What are the best algorithms (and explanations) for representing and rotating the pieces of a tetris game? I always find the piece rotation and representation schemes confusing.

Most tetris games seem to use a naive "remake the array of blocks" at each rotation:

http://www.codeplex.com/Project/ProjectDirectory.aspx?ProjectSearchText=tetris

However, some use pre-built encoded numbers and bit shifting to represent each piece:

http://www.codeplex.com/wintris

Is there a method to do this using mathematics (not sure that would work on a cell based board)?

+13  A: 

There is a limited amount of shapes, so I would use a fixed table and no calculation. That saves time.

But there are rotation algorithms.

Chose a centerpoint and rotate pi/2.

If a block of a piece starts at (1,2) it moves clockwise to (2,-1) and (-1,-2) and (-1, 2). Apply this for each block and the piece is rotated.

Each x is the previous y and each y - the previous x. Which gives the following matrix:

[  0   1 ]
[ -1   0 ]

For counterclockwise rotation, use:

[  0  -1 ]
[  1   0 ]
Gamecat
A: 

I have used a shape position and set of four coordinates for the four points in all the shapes. Since it's in 2D space, you can easy apply a 2D rotational matrice to the points.

The points are divs so their css class is turned from off to on. (this is after clearing the css class of where they were last turn.)

mspmsp
+3  A: 

Personally I've always just represented the rotations by hand - with very few shapes, it's easy to code that way. Basically I had (as pseudo-code)

class Shape
{
    Color color;
    ShapeRotation[] rotations;
}

class ShapeRotation
{
    Point[4] points;
}

class Point
{
    int x, y;
}

At least conceptually - a multi-dimensional array of points directly in shape would do the trick too :)

Jon Skeet
+3  A: 

Since there are only 4 possible orientations for each shape, why not use an array of states for the shape and rotating CW or CCW simply increments or decrements the index of the shape state (with wraparound for the index)? I would think that might be quicker than performing rotation calculations and whatnot.

AgentThirteen
Arnis L.
For Tetris, it's very easy. This is my favorite way to do it.
Nosredna
+1  A: 

This is how I did it recently in a jQuery/CSS based tetris game.

Work out the centre of the block (to be used as a pivot point), i.e. the centre of the block shape. Call that (px, py).

Each brick that makes up the block shape will rotate around that point. For each brick, you can apply the following calculation...
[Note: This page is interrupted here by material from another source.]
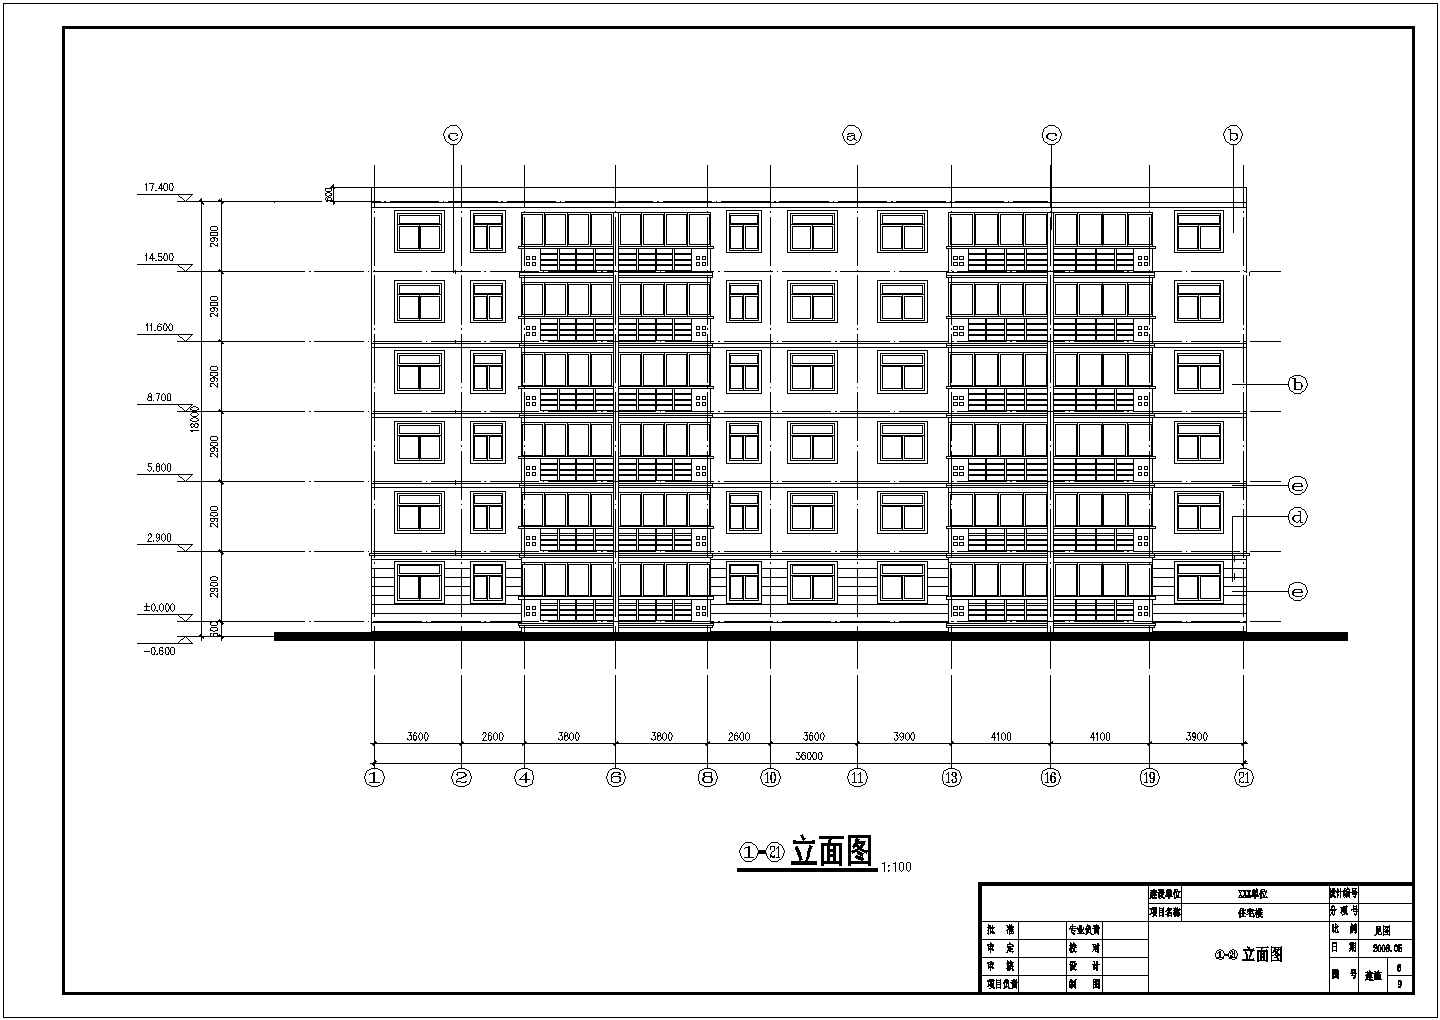 滁州某高校的综合办公楼建筑结构毕业设计方案图纸（高16.44米）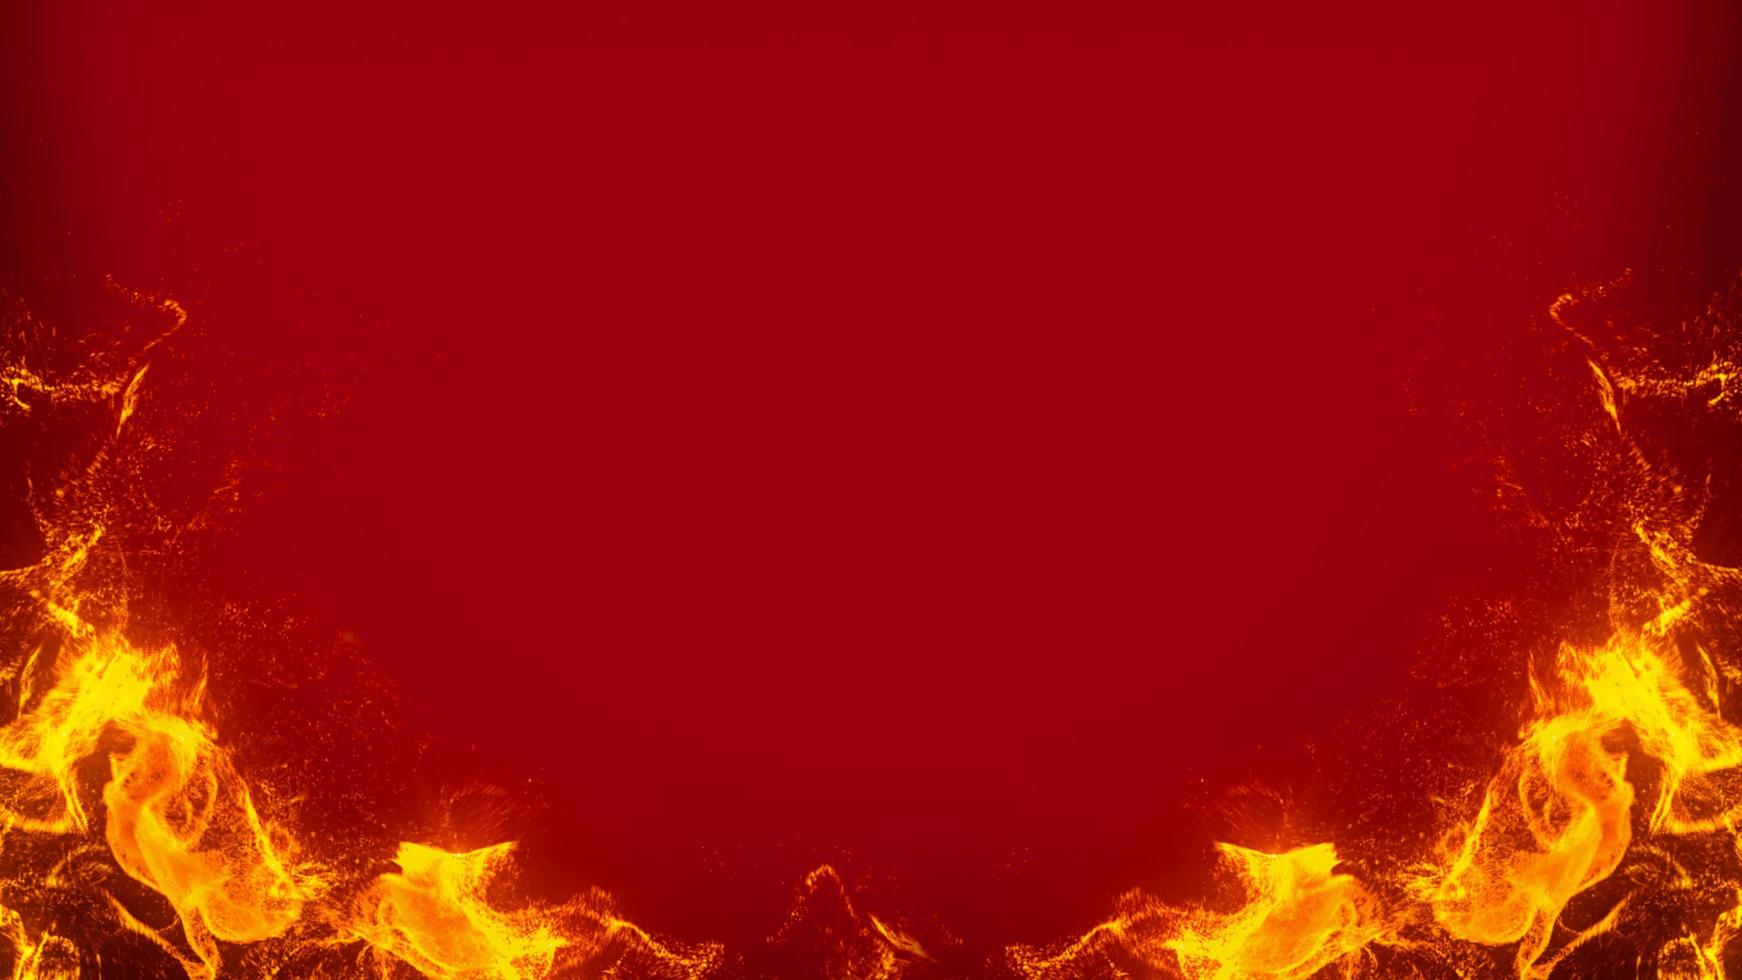 quadro de fogo em fundo vermelho foto

Where each brick's width and height is q, the brick's current location (of the upper left corner) is (x1, y1) and the new brick location is (x2, y2):

x2 = (y1 + px - py)

y2 = (px + py - x1 - q)

To rotate the opposite direction:

x2 = (px + py - y1 - q)

y2 = (x1 + py - px)

This calculation is based on a 2D affine matrix transformation. If you are interested in how I got to this let me know.

Dave Cluderay
+1  A: 

If you're doing this in python, cell-based instead of coordinate pairs it's very simple to rotate a nested list.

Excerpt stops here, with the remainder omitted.